And yet it is but justice, even to this ungovernable herd, to explain, that though, as I have said above, they appeared in the light of mutineers, they were not actually such in the eye of the law; for, till a subsequent act, made indeed on this occasion, the pay of a ship’s crew ceased immediately upon her wreck, and consequently the officers’ authority and command.
Having explained the foregoing particulars, I hope I may flatter myself, there are few things in the following sheets which will not be readily understood by the greatest part of my readers; therefore I will not detain them any longer.[115]
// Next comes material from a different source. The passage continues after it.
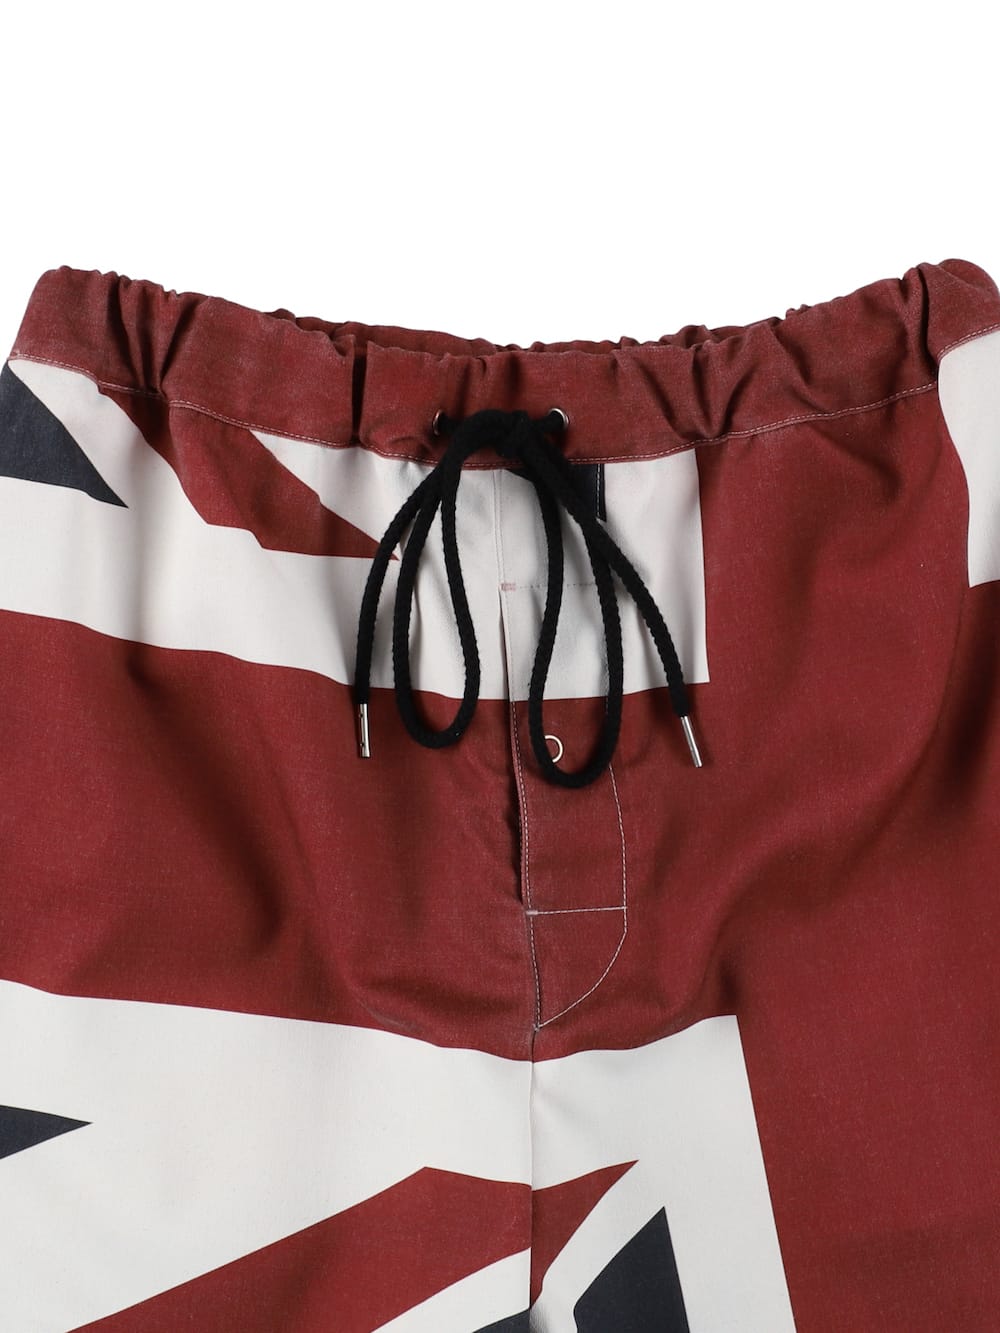 trunks shorts.(union jack)

[115] Bulkeley’s narrative above referred to,
and which certainly deserves
to be better known than it
now is, will be found in this Appendix, No.
2. The impartial reader,
it is believed, will hesitate to join with
Byron in opinion as to the
motives which occasioned its publication;
nor is it unimportant for
him to recollect, that Byron himself at one
time sanctioned the chief
measures and sentiments which Bulkeley and
his associates adopted.—E.
CHAPTER I.
Account of the Wager and her Equipment.—Captain Kid’s Death.—Succeeded by Captain Cheap.—Our Disasters commence with our Voyage.—We lose Sight of our Squadron in a Gale of Wind.—Dreadful Storm.—Ship strikes.
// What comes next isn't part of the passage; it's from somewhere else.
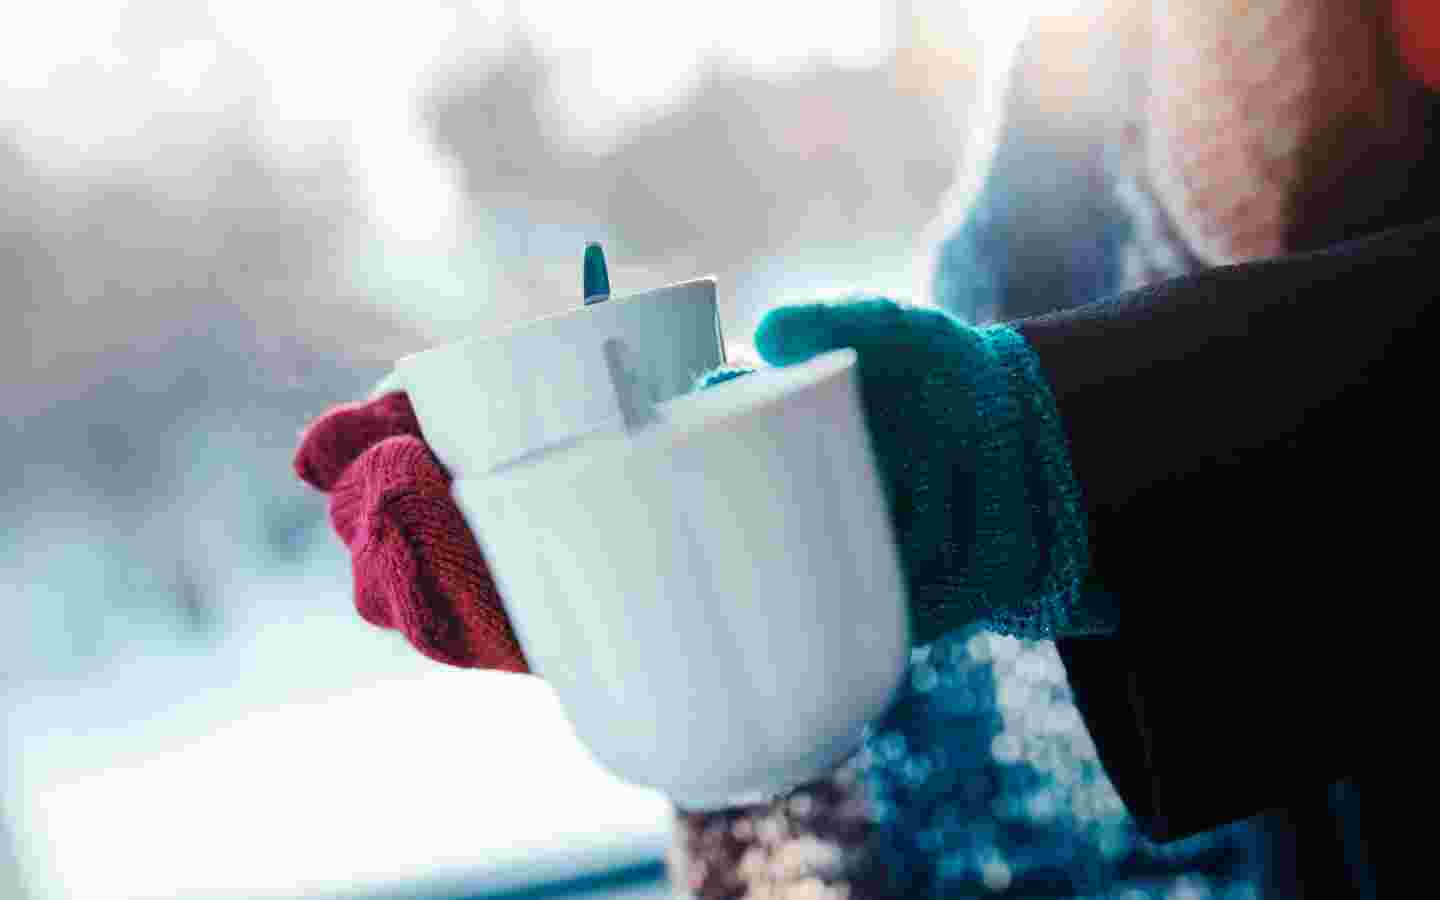 Kädet pitelevät kahvikuppeja ulkona talvisessa säässä.

The equipment and destination of the squadron fitted out in the year 1740, of which Commodore Anson had the command, being sufficiently known from the ample and well-penned relation of it under his direction, I shall recite no particulars that are to be found in that work. But it may be necessary, for the better understanding the disastrous fate of the Wager, the subject of the following sheets, to repeat the remark, that a strange infatuation seemed to prevail in the whole conduct of this embarkation: For though it was unaccountably detained till the season for its sailing was past, no proper use was made of that time, which should have been employed in providing a suitable force of sailors and soldiery; nor was there a due attention given to other requisites for so peculiar and extensive a destination.